FIG. 9 is a top view of the latch assembly of FIG. 5 shown in a third operative state;

FIG. 10 is a perspective view of a latch assembly according to a third embodiment, with the latch assembly shown in a first operative state;

FIG. 11 is another perspective view of the latch assembly of FIG. 10, with the latch assembly shown in a second operative state;

FIG. 12 is a schematic view of a latch assembly kit according to the present disclosure;

FIG. 13 is a schematic view of an object with a latch assembly kit according to the present disclosure mounted in a pivoting arrangement;

FIG. 14 is a schematic view of an object with a latch assembly kit according to the present disclosure mounted in a first translating arrangement; and

FIG. 15 is a schematic view of an object with a latch assembly kit according to the present disclosure mounted in a second translating arrangement.

DETAILED DESCRIPTION

Although the present disclosure illustrates and describes specific embodiments, the present disclosure is not intended to be limited to the details shown. Rather, the details can be modified within the scope and range of equivalents of the claims and without departing from the present disclosure. In addition, the details of different embodiments shown herein can be combined or substituted in any manner to form additional embodiments that are encompassed by the present disclosure.
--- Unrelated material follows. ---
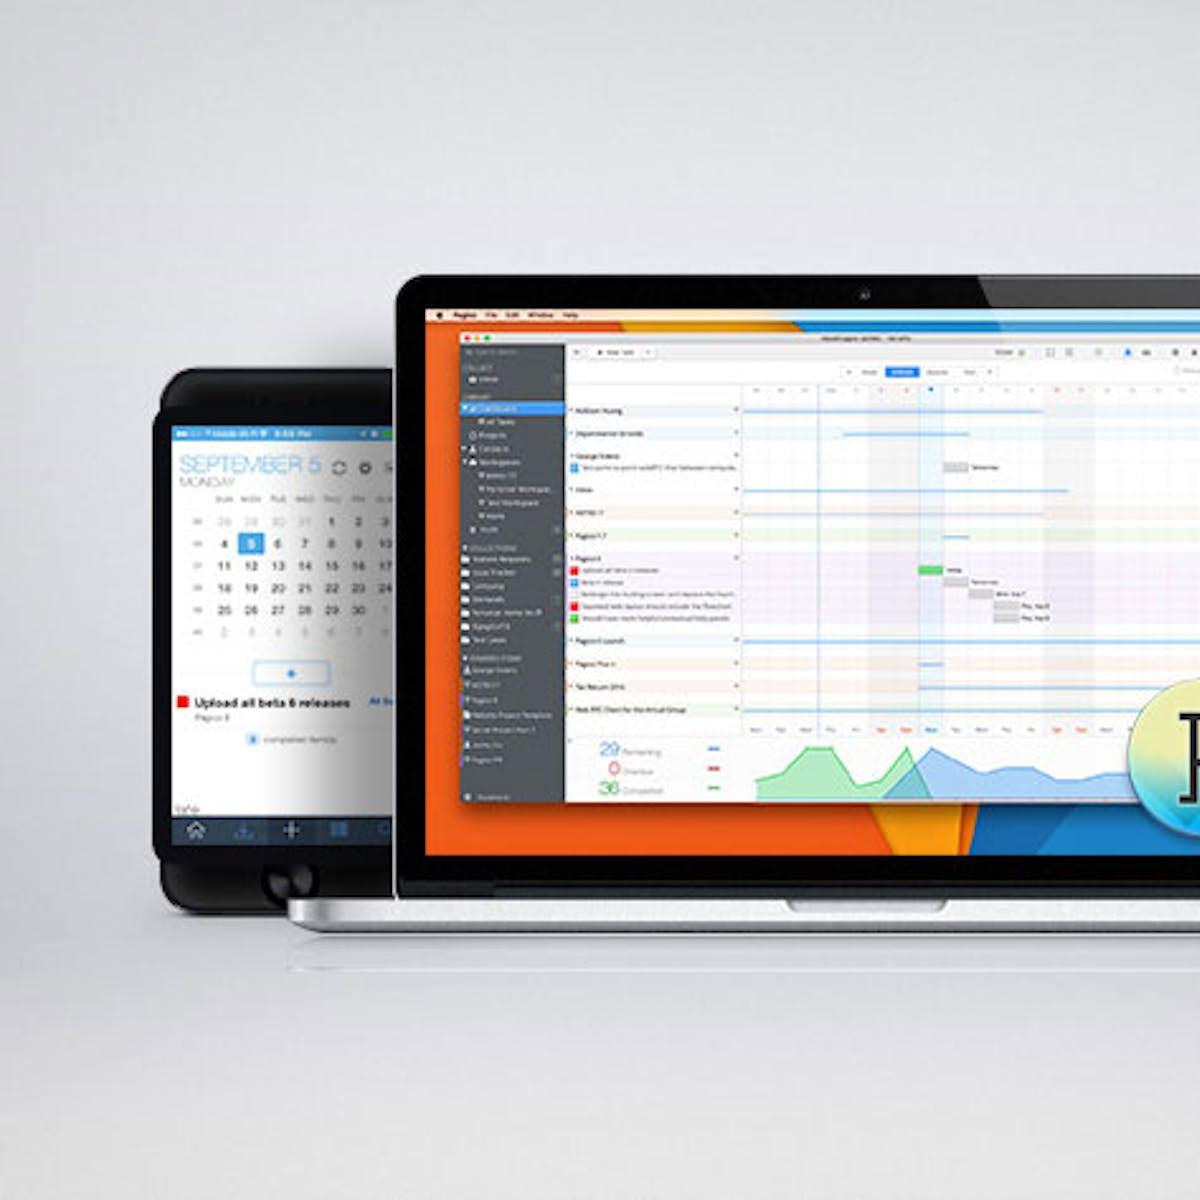 The Task Management App Puts Wunderlist and Todoist to Shame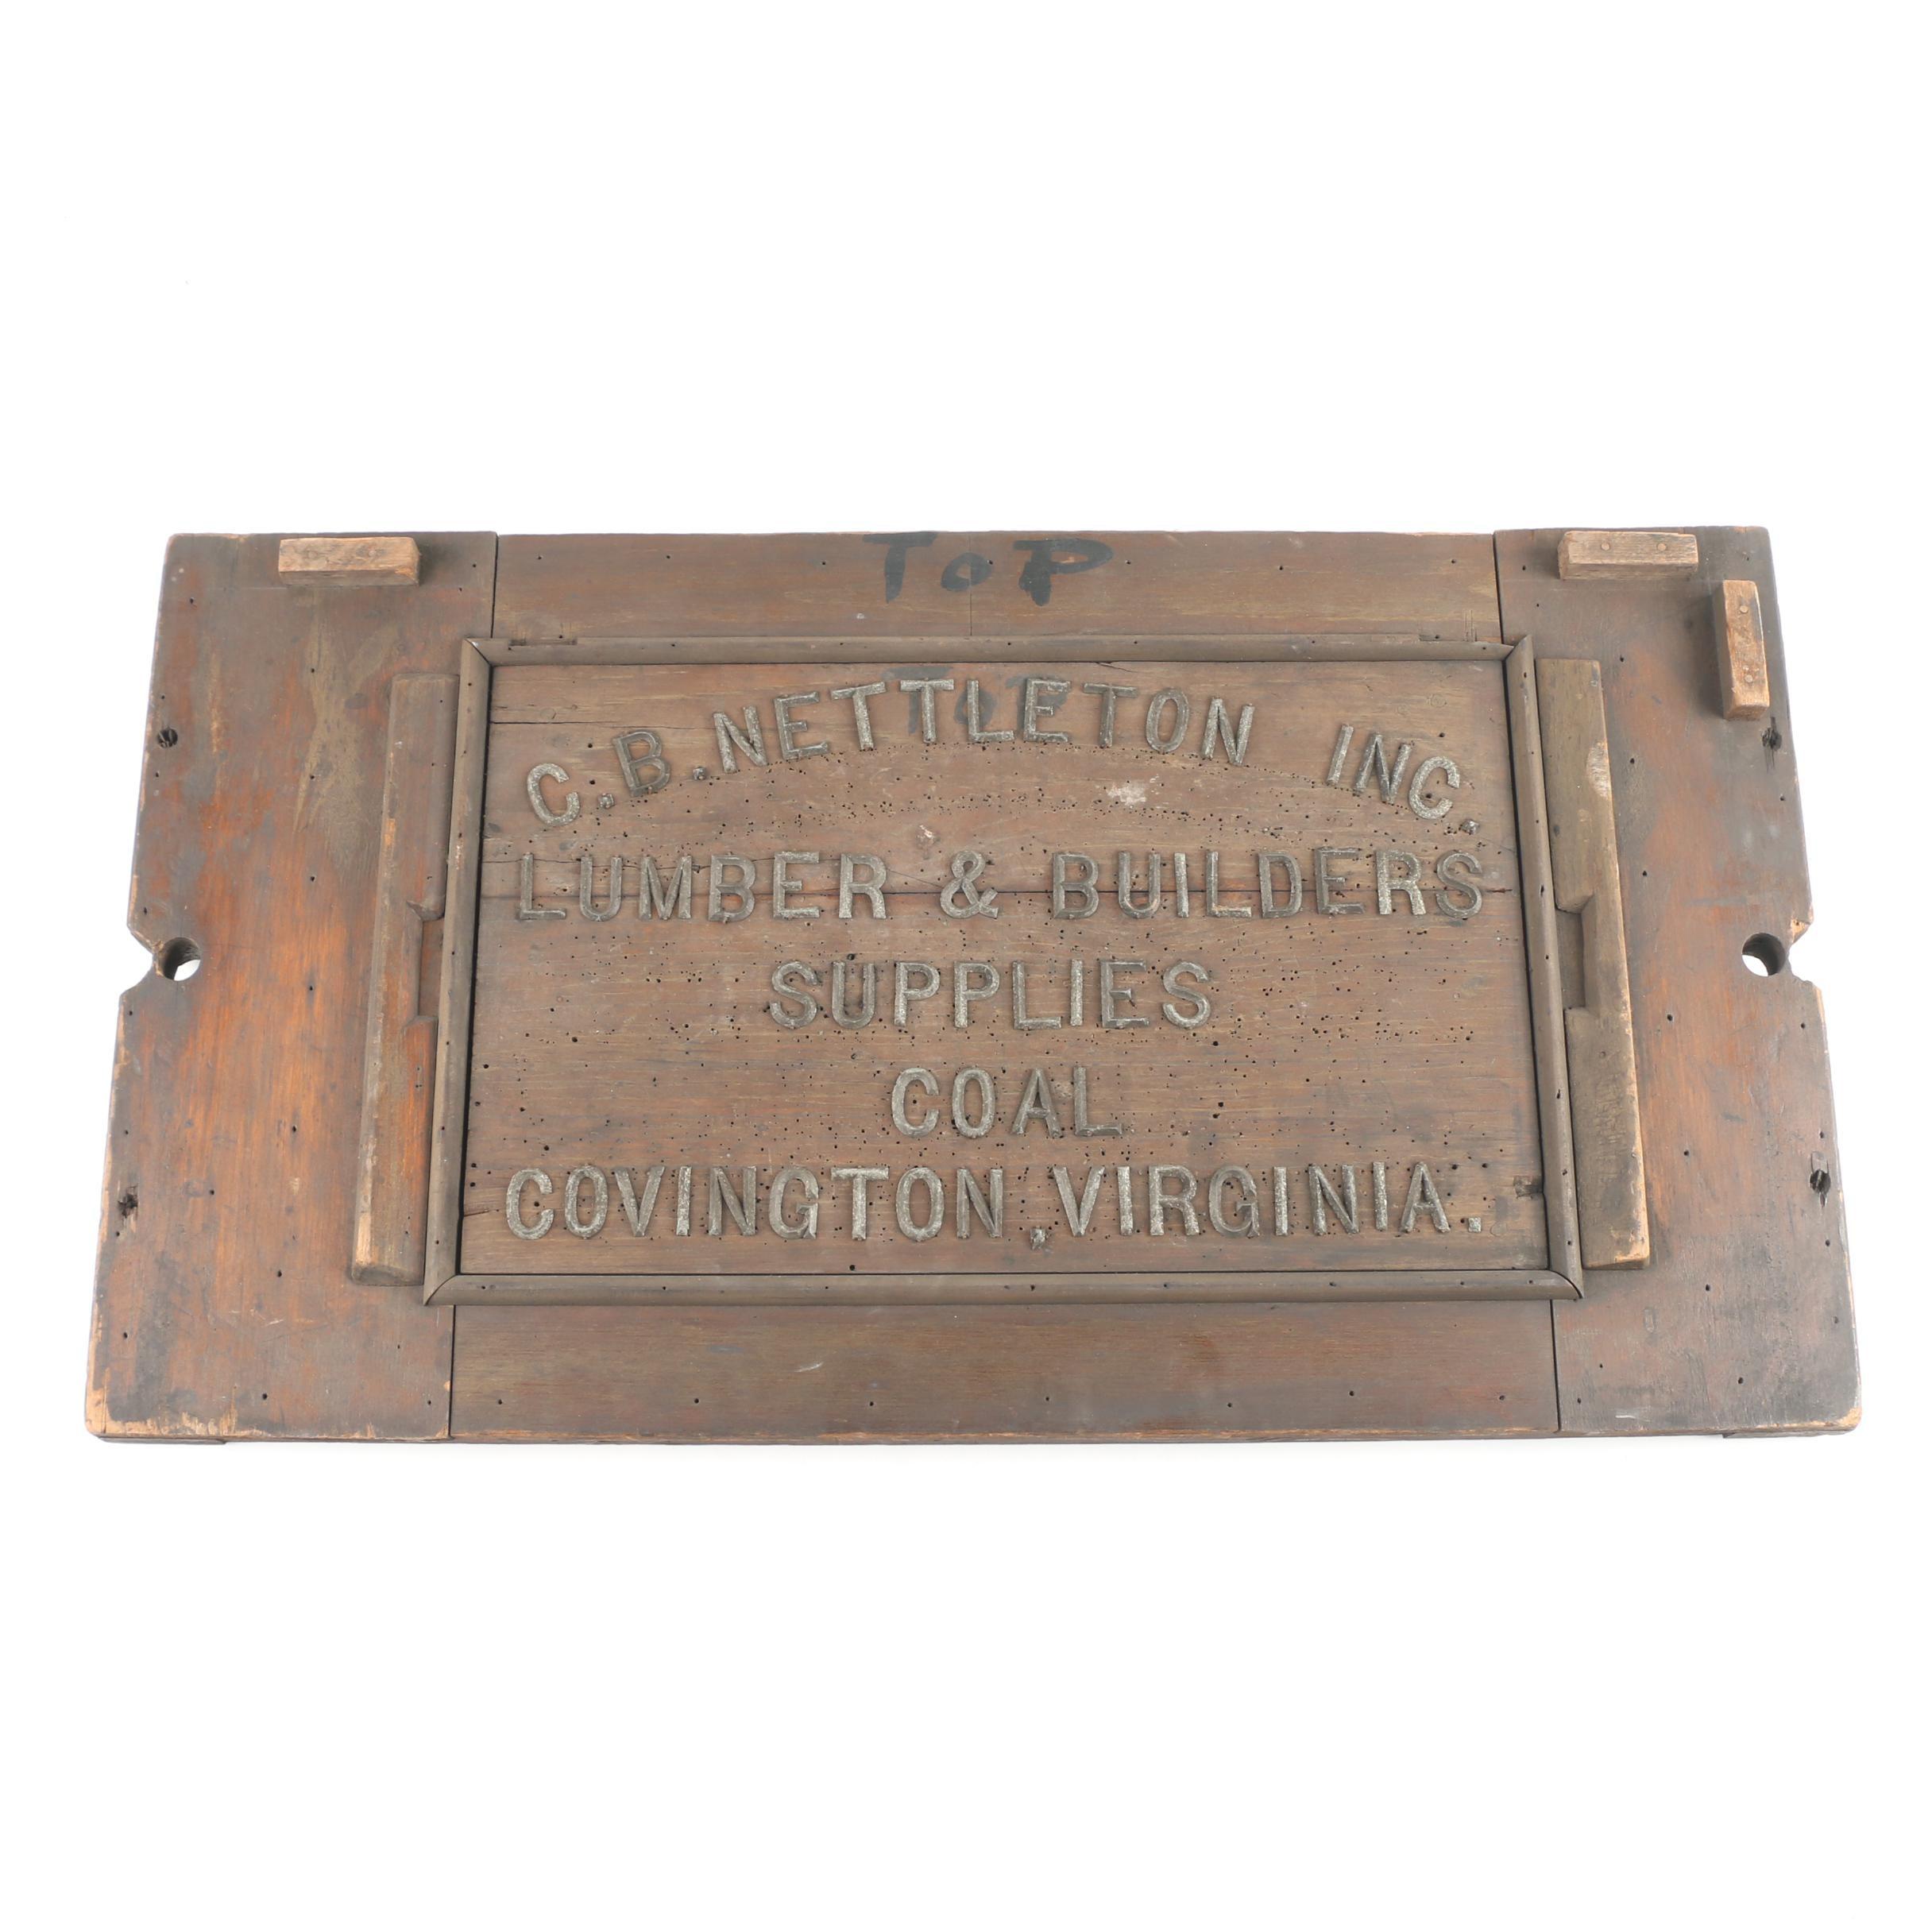 Wood C.B. Nettleton Inc. Lumber and Builder Supplies Advertising Sign, 1930s

Various terms are used throughout this disclosure to refer to certain structures. Unless otherwise indicated, terms are given the following meanings.

The terms “detent”, “catch”, and “contact surface” mean any surface configuration, including but not limited to a protrusion, projection, protuberance, pin, tab, bore, slot, recess, convex surface, concave surface, or surface discontinuity, that receives force from, positively engages, or abuts another object.

The term “spring” means one or more components that store and release mechanical energy, including but not limited to torsion springs, compression springs, tension springs, leaf springs, spring washers, spring tabs, and other biasing elements.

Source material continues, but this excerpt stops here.